Aim of the exercise: All that is wanted is the exact text of the lines below from the one with "激安大特価! IDEAL リンガー" through the one with "Full set of", inclusive, minus any pictures.
──────── Data extract ────────
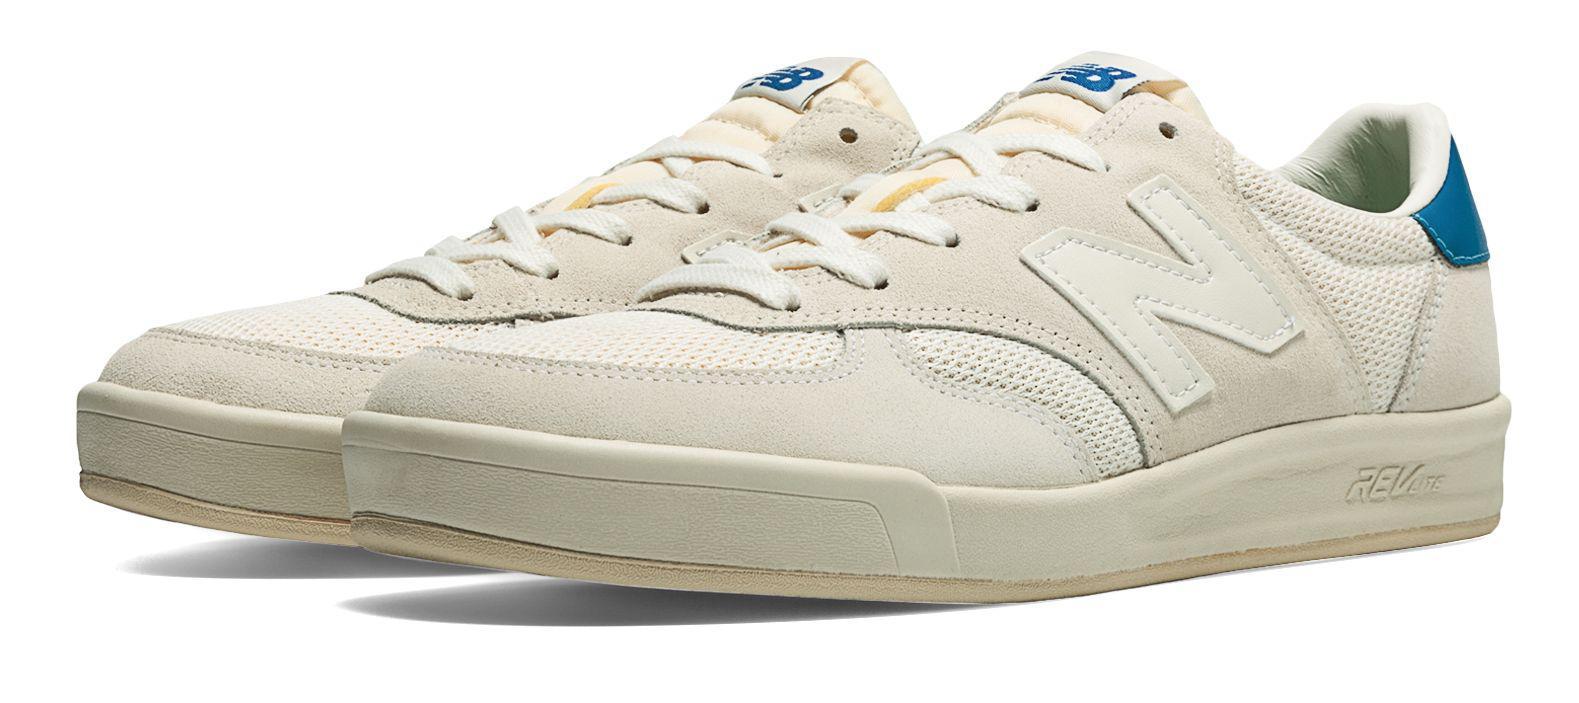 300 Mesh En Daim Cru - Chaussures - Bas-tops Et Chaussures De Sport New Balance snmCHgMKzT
────────
──────── Data extract ────────
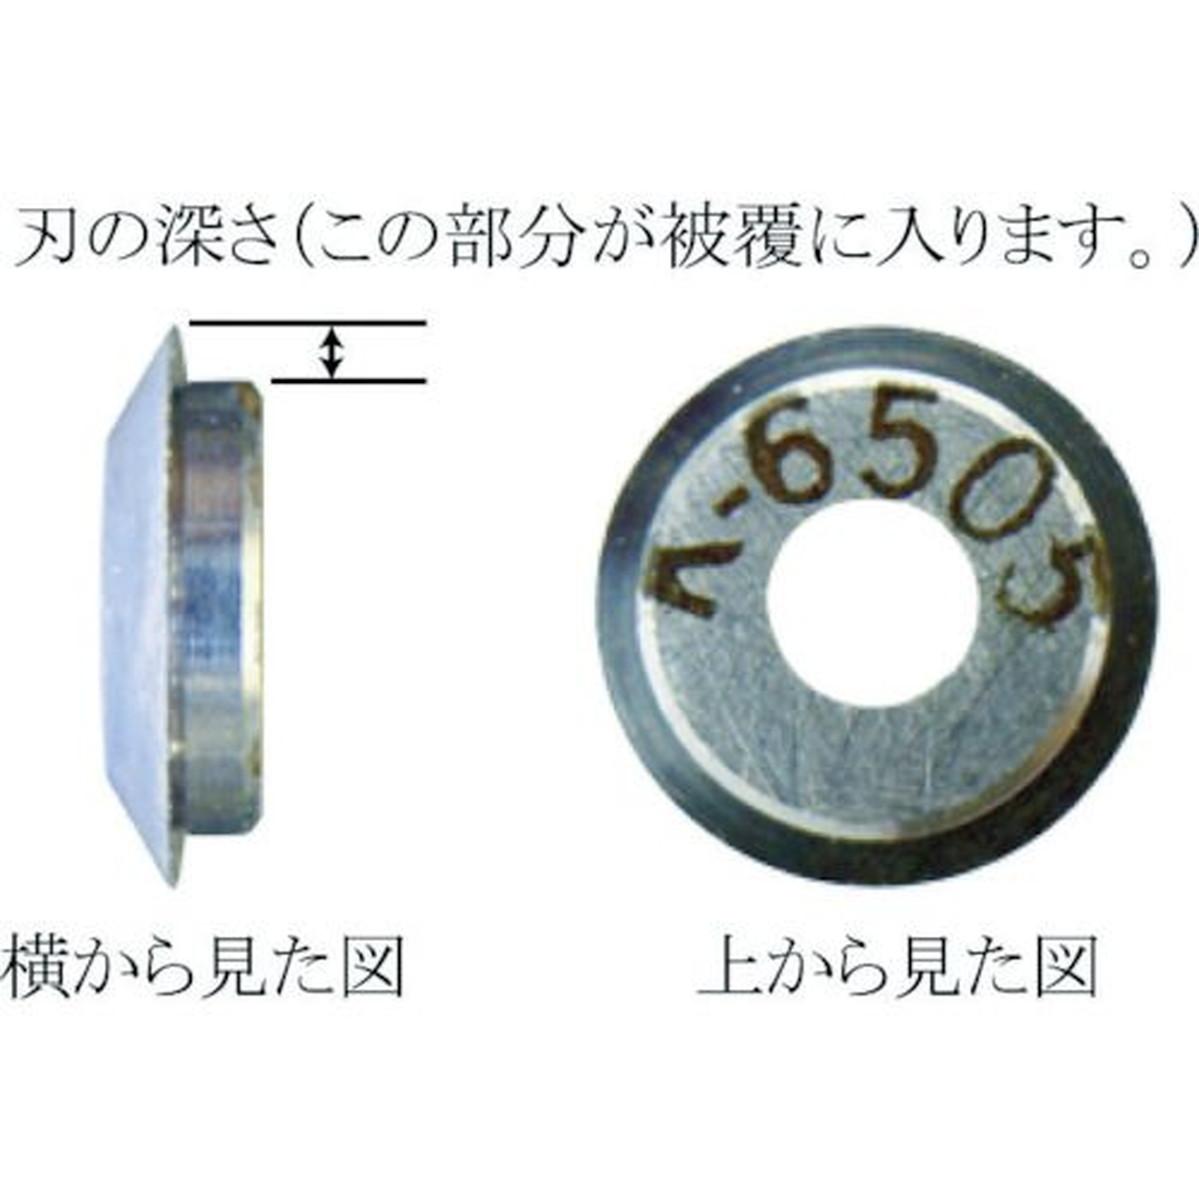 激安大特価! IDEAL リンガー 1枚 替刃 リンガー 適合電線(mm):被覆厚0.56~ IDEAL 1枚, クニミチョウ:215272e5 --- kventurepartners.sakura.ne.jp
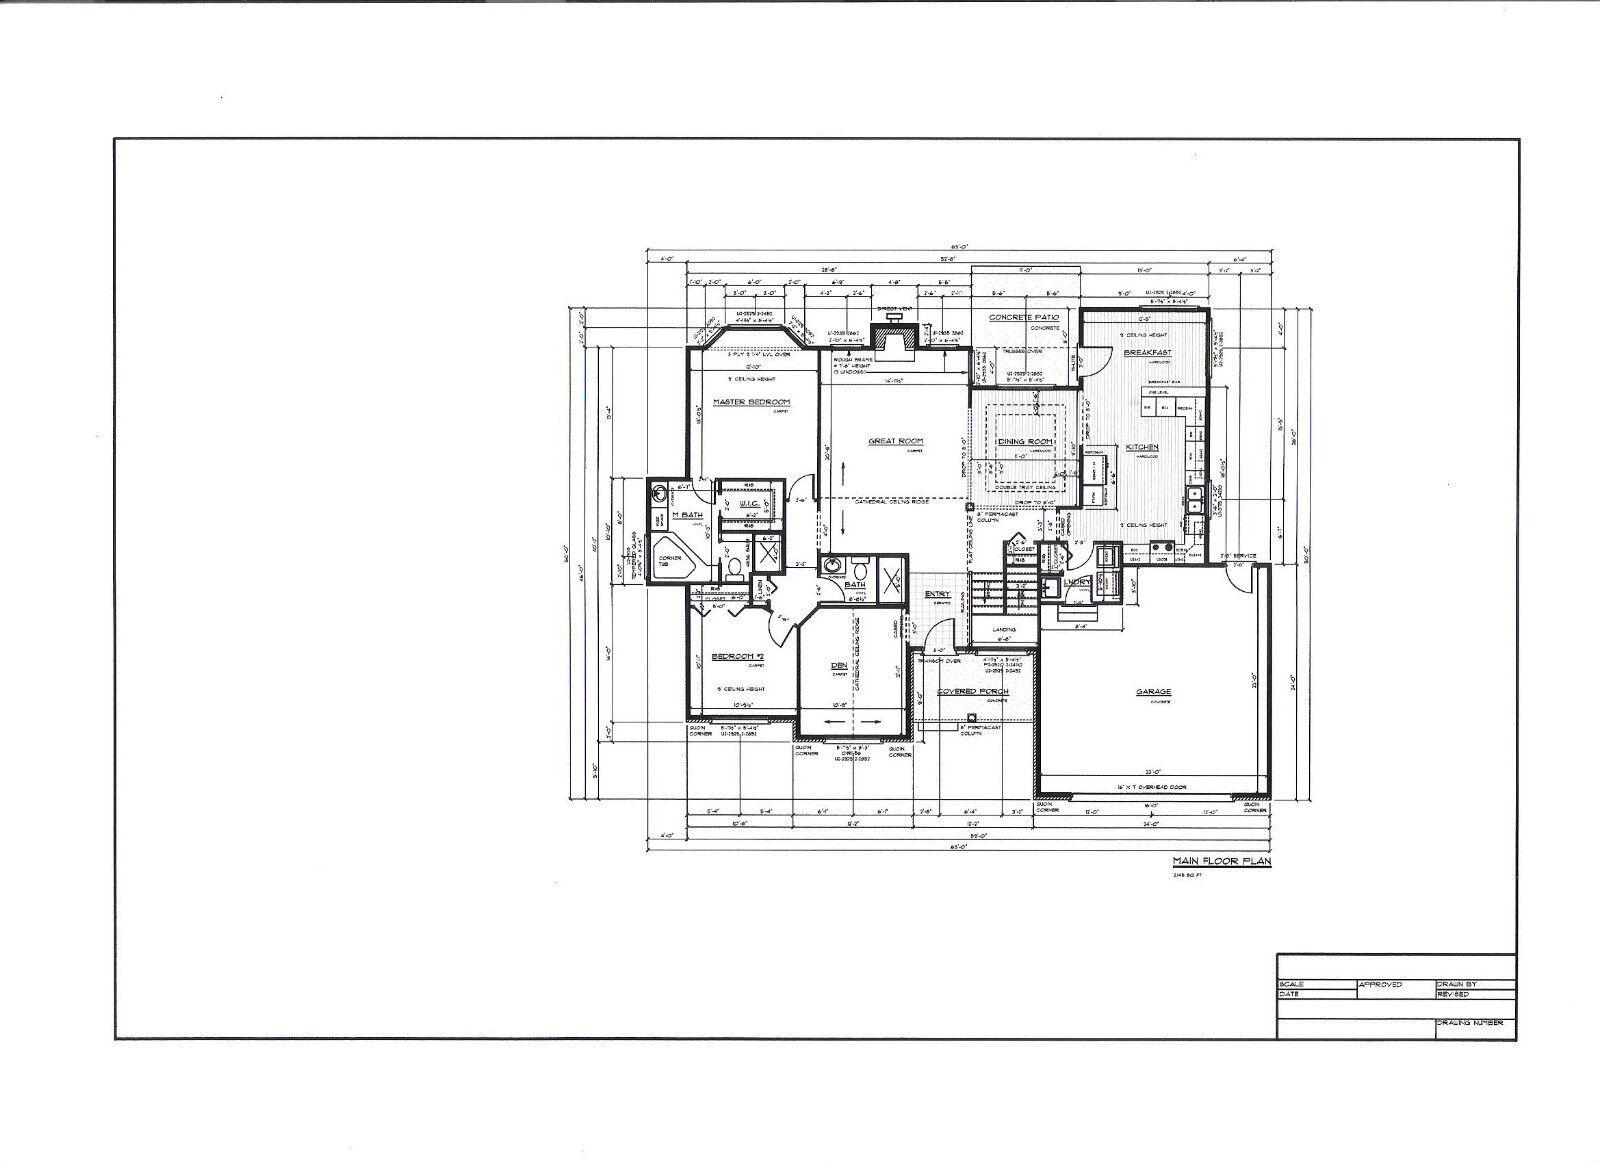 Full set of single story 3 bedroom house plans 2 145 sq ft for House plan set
────────
──────── Data extract ────────
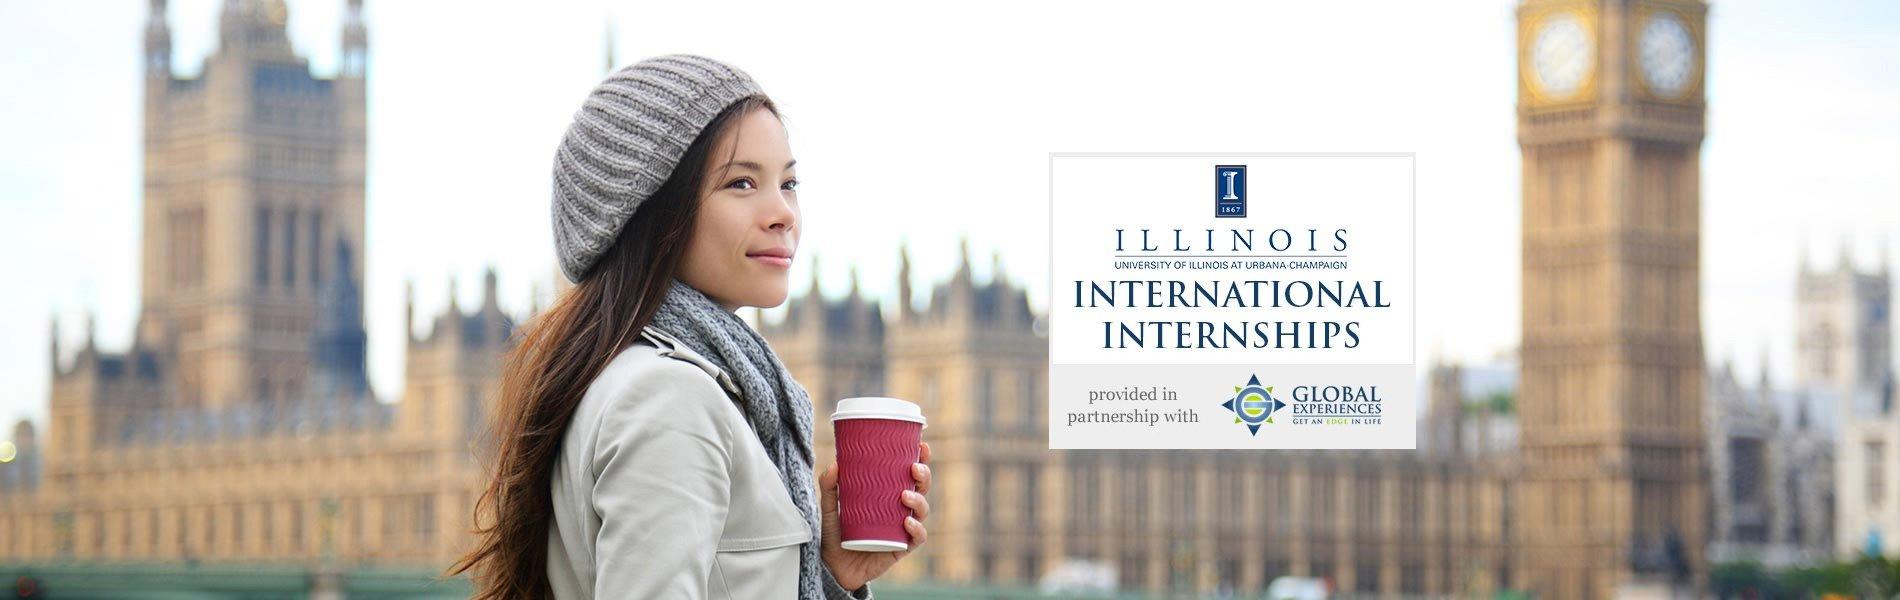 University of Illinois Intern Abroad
────────
Solved problem:
 激安大特価! IDEAL リンガー 1枚 替刃 リンガー 適合電線(mm):被覆厚0.56~ IDEAL 1枚, クニミチョウ:215272e5 --- kventurepartners.sakura.ne.jp
 Full set of single story 3 bedroom house plans 2 145 sq ft for House plan set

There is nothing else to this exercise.